The Fannie Mae Home Purchase Sentiment Index (HPSI) increased 3.3 points in March to 61.3, it remains only slightly above its all-time low set late last year. The HPSI indicates future flatbed demand for truckload carriers based on a monthly survey of 1,000 consumers who make household financial decisions. Survey questions ask consumers whether they think that it is a good or bad time to buy or to sell a house, what direction they expect home prices and mortgage interest rates to move, how concerned they are about losing their jobs, and whether their incomes are higher than they were a year earlier.

The March HPSI reported that 40% of consumers said it’s a bad time to sell a home, down from 44% last month, and 21% expressed concern about losing their job in the next 12 months, down from 24% last month. The HPSI is down almost 12 pints from this time last year. Mark Palim, Fannie Mae Vice President and Deputy Chief Economist, “Despite the recent banking turbulence, the HPSI increased modestly in March, although it still remains near its historical low. With the spring homebuying season now upon us, a large majority of consumers continue to believe that it’s a bad time to buy a home. Homeowners sharing this belief frequently cited ‘unfavorable mortgage rates’ as the primary reason for their pessimism, further corroborating the often-discussed disincentive – or ‘lock-in effect’ – that many mortgage holders may be considering moving toward giving up their lower rates.

Palim continued: “With affordability constraints, the lock-in effect, and home price direction uncertainty weighing heavily on consumers’ minds, we maintain our forecast that total home sales for the year will remain subdued.”

Market Watch

All rates cited below exclude fuel surcharges unless otherwise noted.

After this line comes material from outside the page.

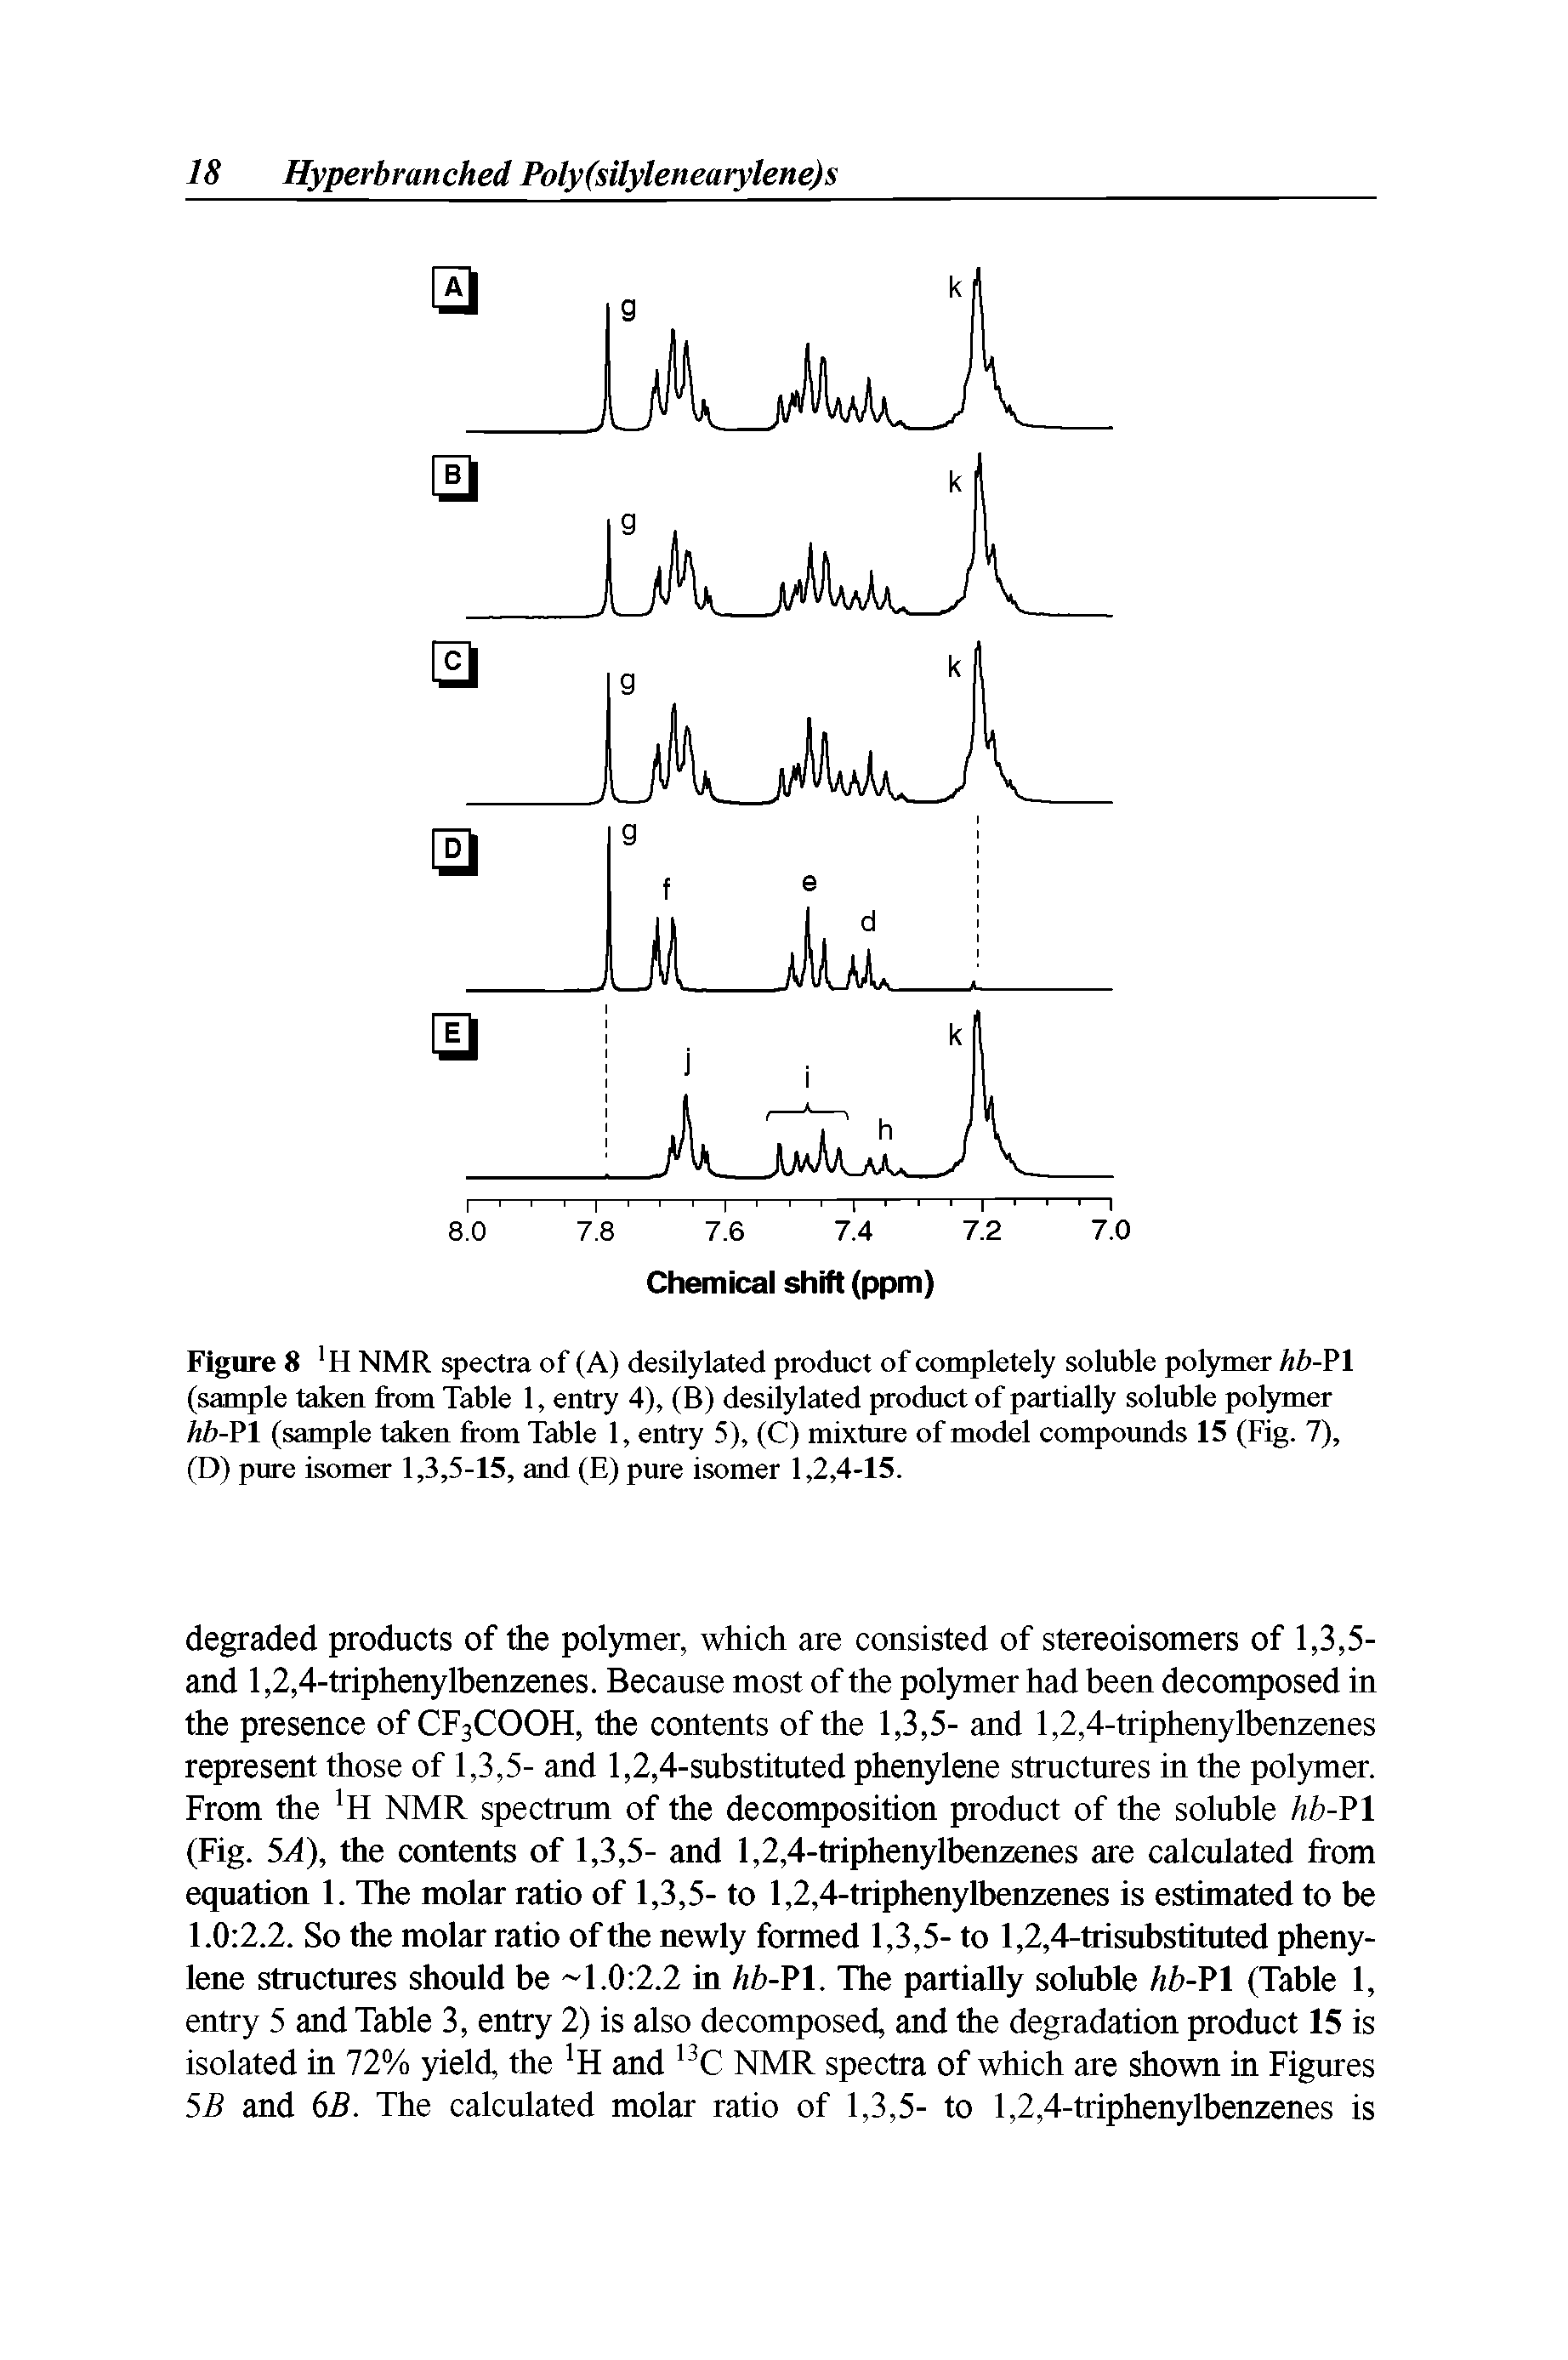 Figure 8 H NMR spectra of (A) desilylated product of completely soluble polymer hb-Pl (sample taken from Table 1, entry 4), (B) desilylated product of partially soluble polymer hb-Pl (sample taken from Table 1, entry 5), (C) mixture of model compounds 15 (Fig. 7), (D) pure isomer 1,3,5-15, and (E) pure isomer 1,2,4-15.

Southwest and Southeast flatbed markets accounted for almost a third of volume last week, led by a 3% w/w volume gain in Houston. Capacity in the number one flatbed market continued to tighten for the fourth week following a penny-per-mail increase to $2.42/mile for outbound loads. At $2.33/mile, Texas flatbed rates are the second-highest in seven years and $0.03/mile higher than in 2018. The number one flatbed lane measured by loads moved is between Houston and El Paso, where volumes have decreased by 25% in the last month. Linehaul rates on this lane at $2.32/mile are around $0.40/mile lower over the same timeframe and around $0.70/mile lower than the previous year. 

Capacity was tighter along the southern border last week in Laredo, where linehaul rates for outbound loads increased by $0.14/mile to $2.10/mile, following a 13% w/w increase in load posts. Loads from Laredo to Lubbock in the Permian Basin oilfield were paying $2.63/mile, which is $0.36/mile lower than the previous year. Shreveport was the number two market, following a 21% w/w increase in volume, although capacity loosened as rates dropped $0.08/mile to $2.85/mile. At $2.68/mile, Louisiana rates are almost identical to 2018 also. 

 

Load-to-Truck Ratio (LTR)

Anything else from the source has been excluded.